Che il nostro ministro degli Esteri metta in dubbio il valore universale del diritto internazionale rappresenta un fatto grave senza precedenti, che mette in forte disagio la credibilità istituzionale italiana sul piano internazionale.

Tanto che sul punto è intervenuto con parole ferme e indignate il professor Edoardo Greppi, presidente della Società Italiana di Diritto Internazionale e di Diritto dell’Unione Europea (SIDI).

Greppi ha inviato una lettera al ministro Tajani, e per conoscenza al presidente del Consiglio Giorgia Meloni e al Presidente della Repubblica Sergio Mattarella. Dai vertici delle nostre istituzioni trapelano segnali di irritazione per quanto accaduto.

Il motivo della lettera è noto: durante una trasmissione televisiva del 1° ottobre, Tajani — interrogato sulla legittimità del blocco israeliano in acque internazionali — ha affermato che «il diritto internazionale vale fino a un certo punto». Una frase pronunciata con leggerezza, forse, ma dal peso politico enorme.

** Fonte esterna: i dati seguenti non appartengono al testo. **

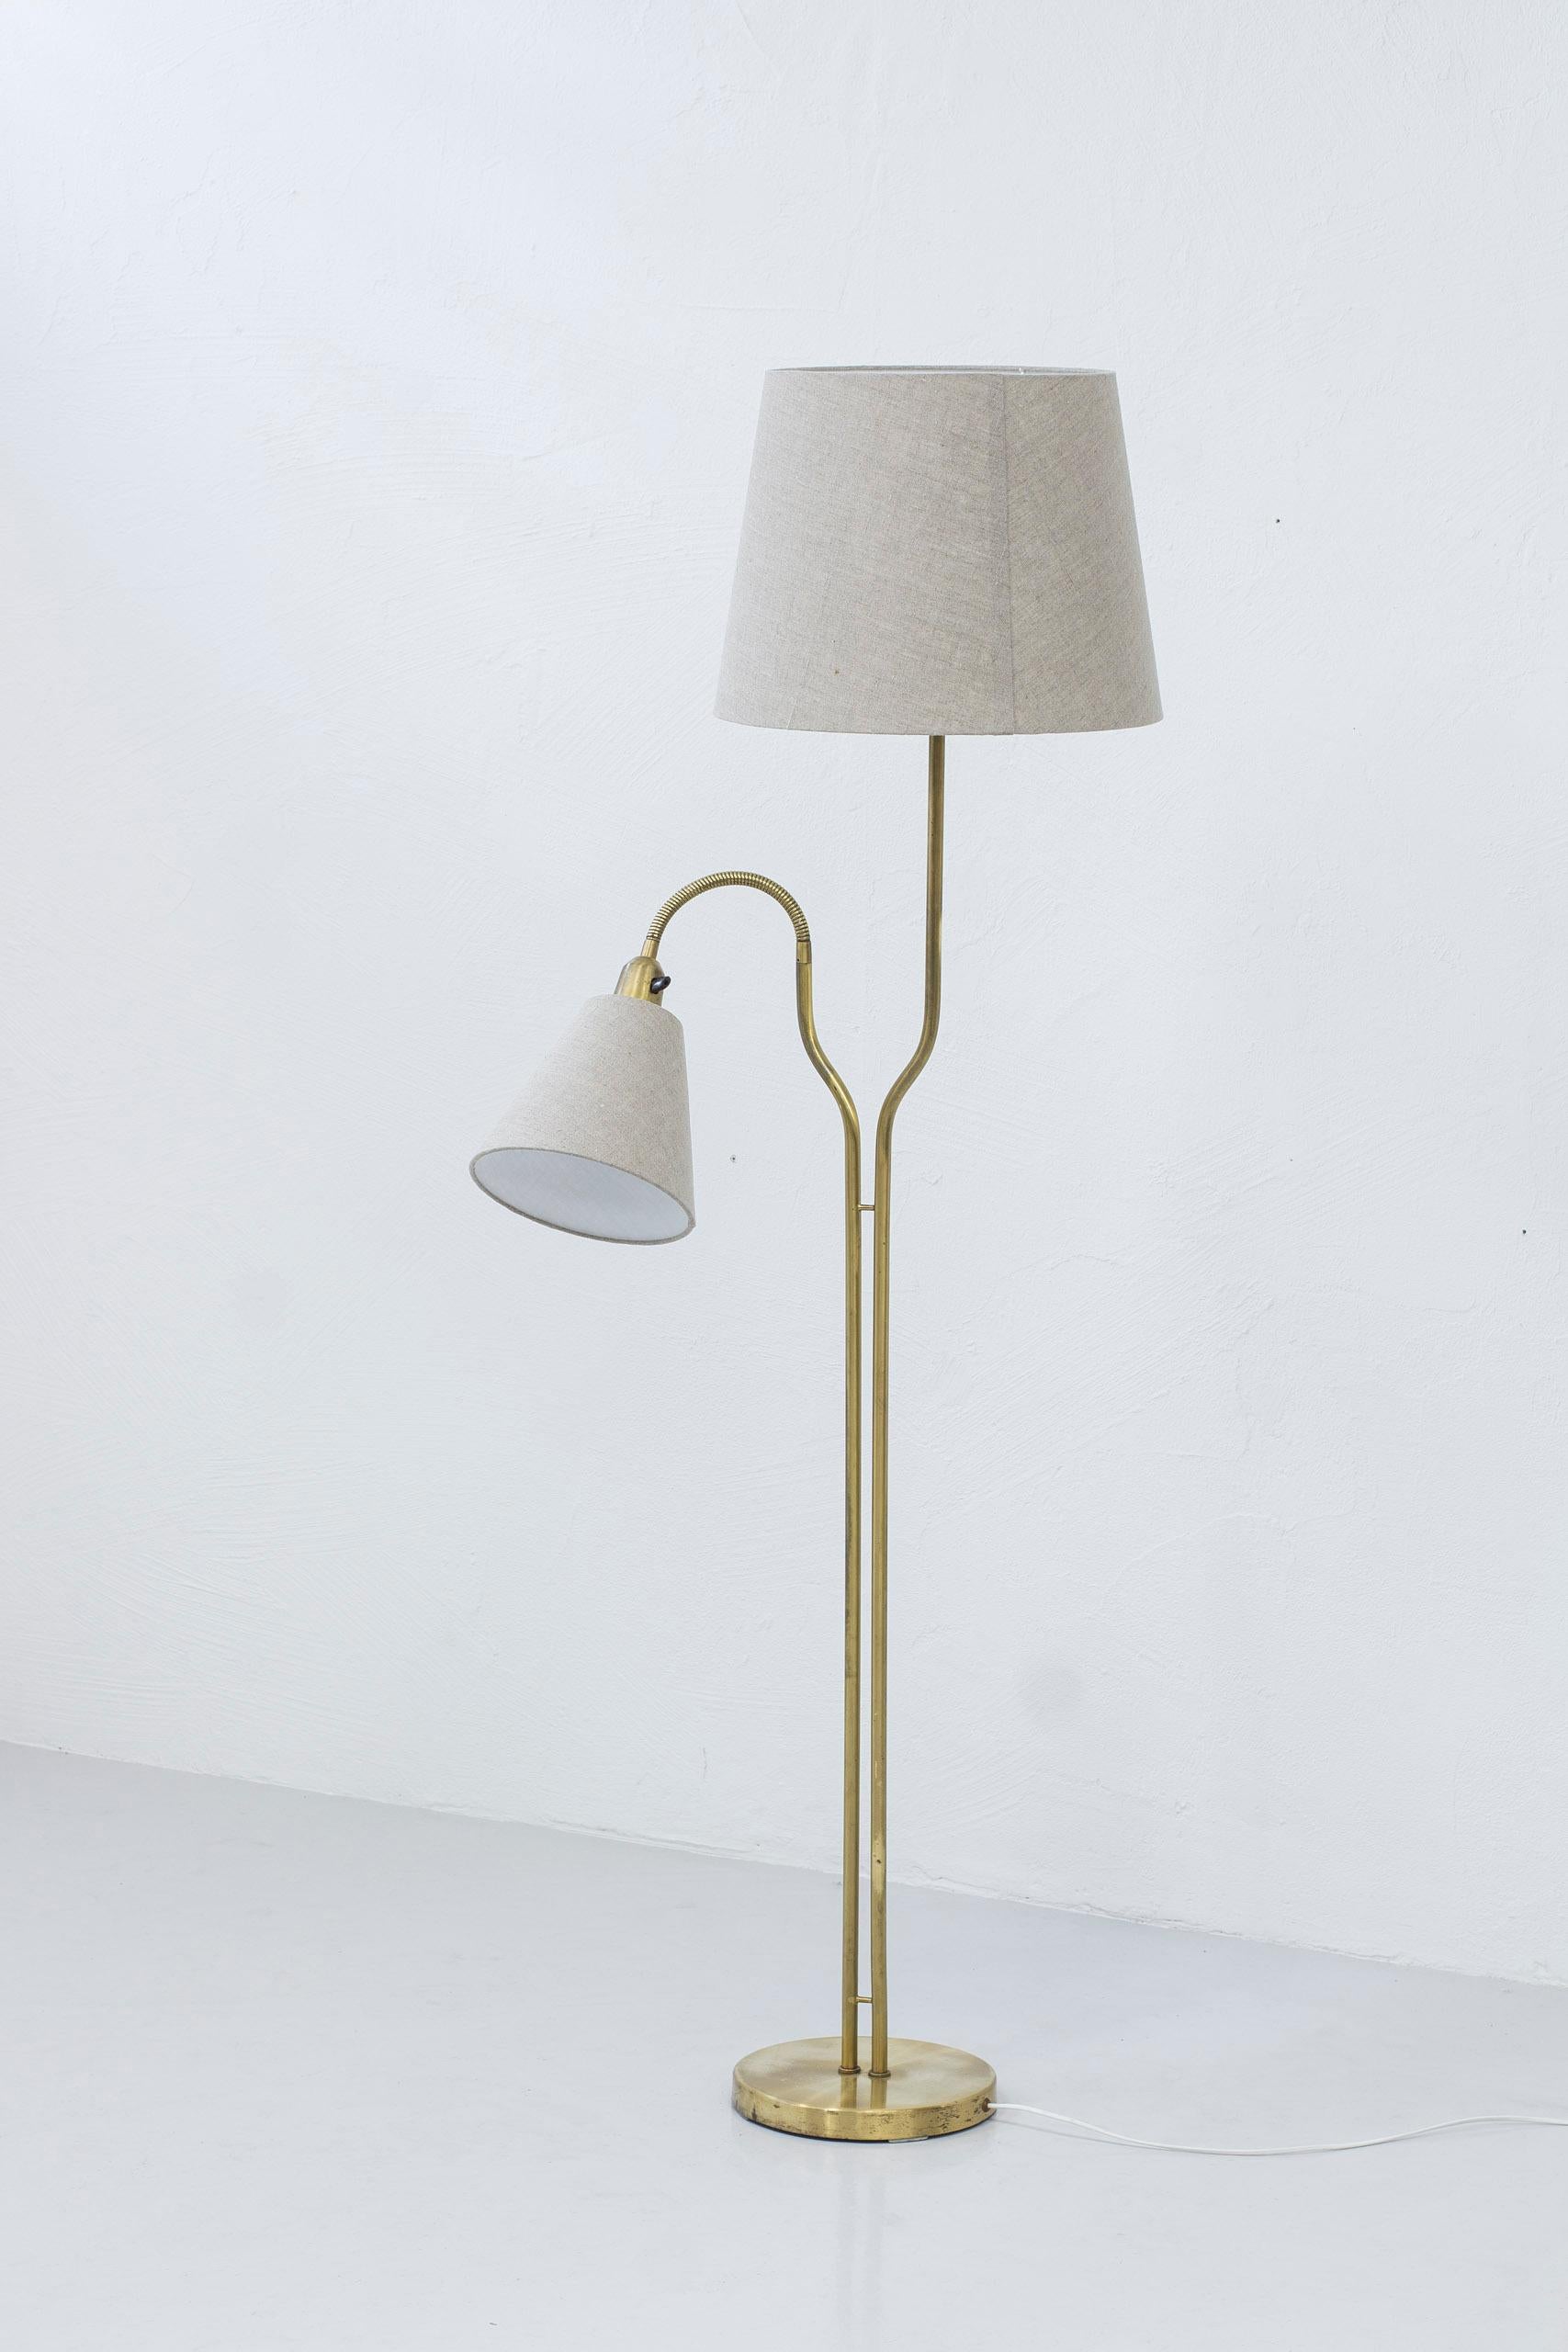 Scandinavian Modern Floor Lamp in Brass by ASEA, Swedish Modern, 1950s

Greppi non nasconde il suo «profondo imbarazzo» e, a nome di oltre 700 membri della SIDI, ha espresso «doppia irricevibilità» per un’affermazione che, in un momento drammatico per i conflitti in corso, suona come un grave e incomprensibile cedimento culturale e istituzionale.

«Da un lato — scrive il presidente Greppi — contrasta apertamente col dettato costituzionale, di cui Lei, in ragione della carica pubblica che riveste, è custode. Dall’altro, perché resa in diretta TV, davanti a milioni di cittadini e cittadine, può diffondere la convinzione che del diritto anche le massime cariche dello Stato possano fare a meno».

Appare chiaro che Tajani abbia messo addirittura in dubbio il rispetto del diritto internazionale, che è un obbligo costituzionale e morale. L’articolo 11 della Costituzione, infatti, non lascia margini di ambiguità: l’Italia «ripudia la guerra» e promuove la giustizia tra le Nazioni. Dichiarare che il diritto «vale fino a un certo punto» equivale, nella sostanza, a minare uno dei pilastri su cui si regge la nostra Repubblica.

Greppi ricorda che queste parole arrivano in un contesto tragico, in cui «un’intera popolazione a Gaza patisce sofferenze criminali da ben oltre due anni» e in cui «si assiste a continue violazioni del diritto internazionale in Ucraina». E sono questi i momenti in cui il diritto dovrebbe rappresentare il più forte argine contro la barbarie, ma la delegittimazione da parte di un ministro rappresenta un vulnus profondo.

Il presidente della SIDI invita infine Tajani a «una presa di posizione decisa in favore del rispetto del diritto internazionale, affinché — mutuando le parole del Presidente della Repubblica — esso prevalga contro ogni aggressione e prevaricazione».

Non è solo una questione di forma. Le parole del ministro degli Esteri hanno un peso politico e diplomatico, e le conseguenze non si fermano ai confini italiani. L’Italia, in sede europea e ONU, ha sempre rivendicato la propria fedeltà al diritto internazionale e ai valori umanitari, ma le parole di Tajani rischiano di mettere fortemente in discussione l’affidabilità del nostro Paese.

Viviamo tempi drammatici in cui le regole vengono piegate agli interessi di determinate potenze, mentre le guerre sostituiscono il dialogo e la diplomazia. Quindi l’appello dei giuristi italiani suona come un monito: il diritto non vale «fino a un certo punto» — vale sempre, o non vale più per nessuno.